The way for a faster C# codebase is writing faster C#. .NET CoreLib including all performance-sensitive paths like memmove is written in pure C#, and the VM (by that I mean all reflection bits, TypeLoader, etc.) itself, excluding GC, is also pure C# when you are using NativeAOT.
The optimization techniques to achieve this are but not limited to using monomorphized struct generics, stack buffers, arenas and memory pooling, using SIMD API (which has the same performance characteristics as intrinsics in C/C++), not allocating by using structs or making object lifetime GC friendly if allocations cannot be avoided, making otherwise safe code bounds check elision friendly, reducing indirection, etc. Many of these are exact same as what you would do in languages like C, C++ or Rust.
As a result, the use of FFI to call into C/C++/Rust/ObjC/Swift(upcoming native Swift ABI support)/etc. today is predominantly relegated to accessing necessary OS APIs and libraries.
https://benchmarksgame-team.pages.debian.net/benchmarksgame/...
Of course most of these optimizations are at odds with "dynamism" and yield the speed-up by making the dispatch static and inlining-friendly, and giving the compiler more information it can prove and make use of. Not to mention C# (together with Swift) sits the closest to the metal among otherwise high-level languages by virtue of what .NET is and what its ILC and JIT compile IL to.
It's been a few years, so I really can't tell you exactly what the problem was (other than the general observation that you should try to do nontrivial amounts of work in your python extensions rather than trivial amounts), but PyO3 agrees with the general sentiment [0] [1], or at least did at roughly the same time I was working there.
"Providing a quality implementation of matrix multiplication is highly non-trivial. Naive nested loop implementations are very slow and shipping such an implementation in CPython would just create a trap for users. But the alternative – providing a modern, competitive matrix multiply – would require that CPython link to a BLAS library, which brings a set of new complications. In particular, several popular BLAS libraries (including the one that ships by default on OS X) currently break the use of multiprocessing."
That's the second benefit of focus on perfs.
We could do with less, better tested, and faster, features in most apps I know of.
You can, but each added focus degrades the quality of the others.
The key principle is thinking with a mindset of cost.

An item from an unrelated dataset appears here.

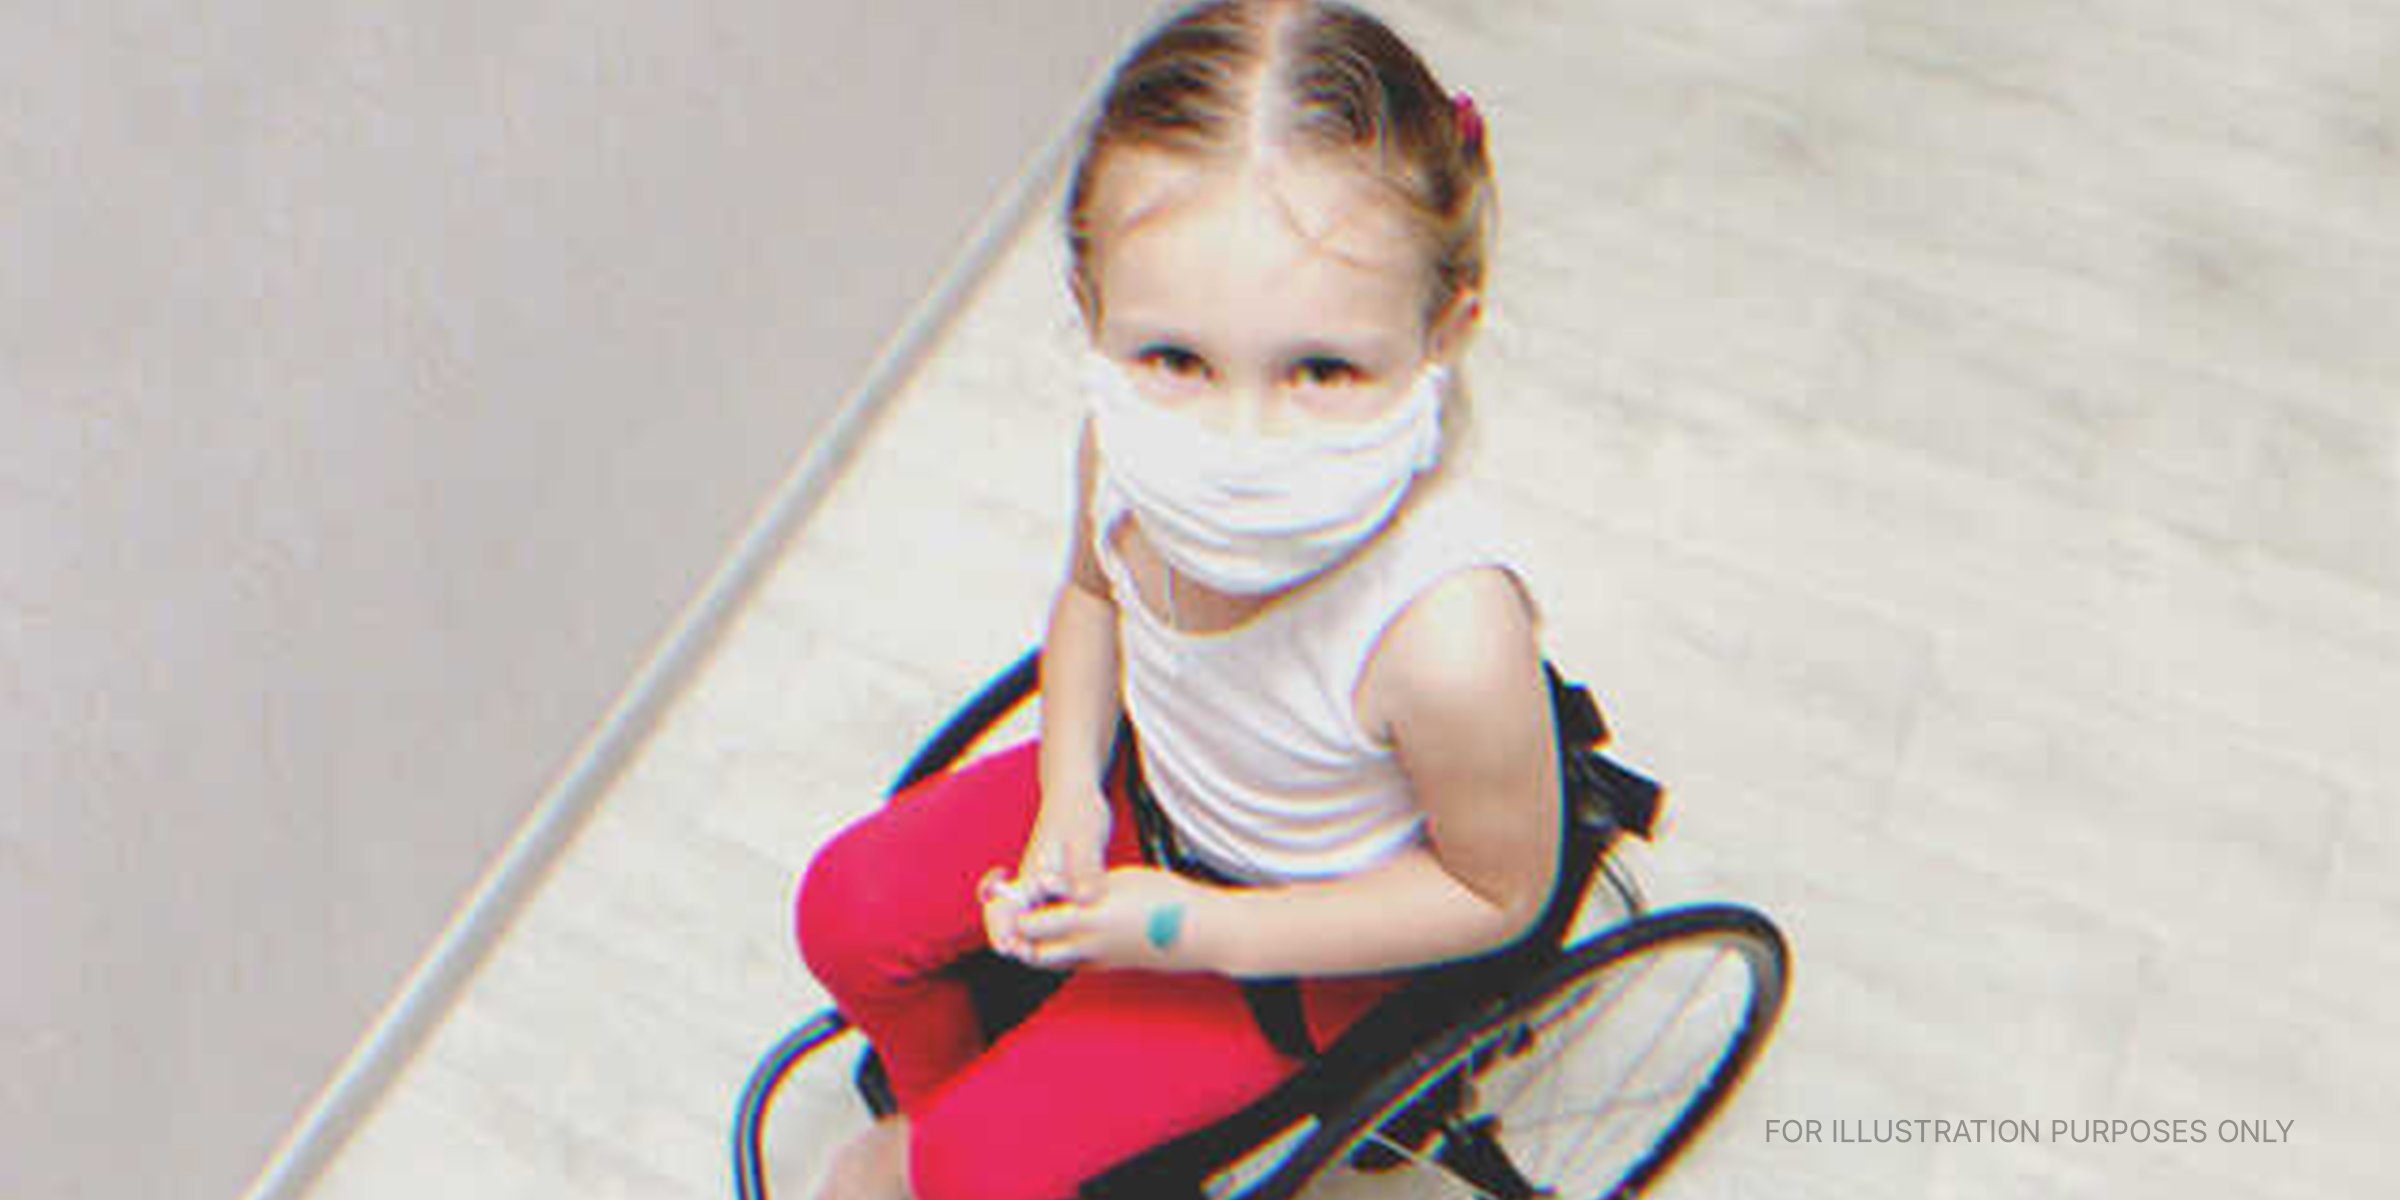 A little girl on a wheelchair | Source: Shutterstock

Even if it’s low hanging fruit, there’s a world of difference between assuming we can work it in, and saying, “this is what it will cost, and this is what we won’t work on result”.
And similarly, saying ”that’s impossible” is not in the same universe as “the cost is extremely high and it’s not important enough to us to pay that cost”.
People seem to have taken the quote, “premature optimization is the root of all evil” to mean “don’t focus on performance until you absolutely have to,” but when you push them to prove that they don’t have to, they often haven’t even profiled their code! Cloud compute – and especially K8s – has made it such that it’s expected that you simply over-provision and scale as necessary to get the throughput you need. I don’t personally see running through a profiler (ideally as part of CI) as being particularly difficult or onerous.
Only if the same people do both.
Or if dev that would rather focus on perf find it equaly motivating and fun to work on something else instead.
That’s my gut feeling, that writing fast C# basically ends up looking like C++/Rust/etc where the niceties of C# are no longer present.
Which is the same as rewriting Python in cython. It’s way faster, and it doesn’t look like Python, or have the benefits of Python, and now just looks like weird C.
Is there something specific you would like to see an example for?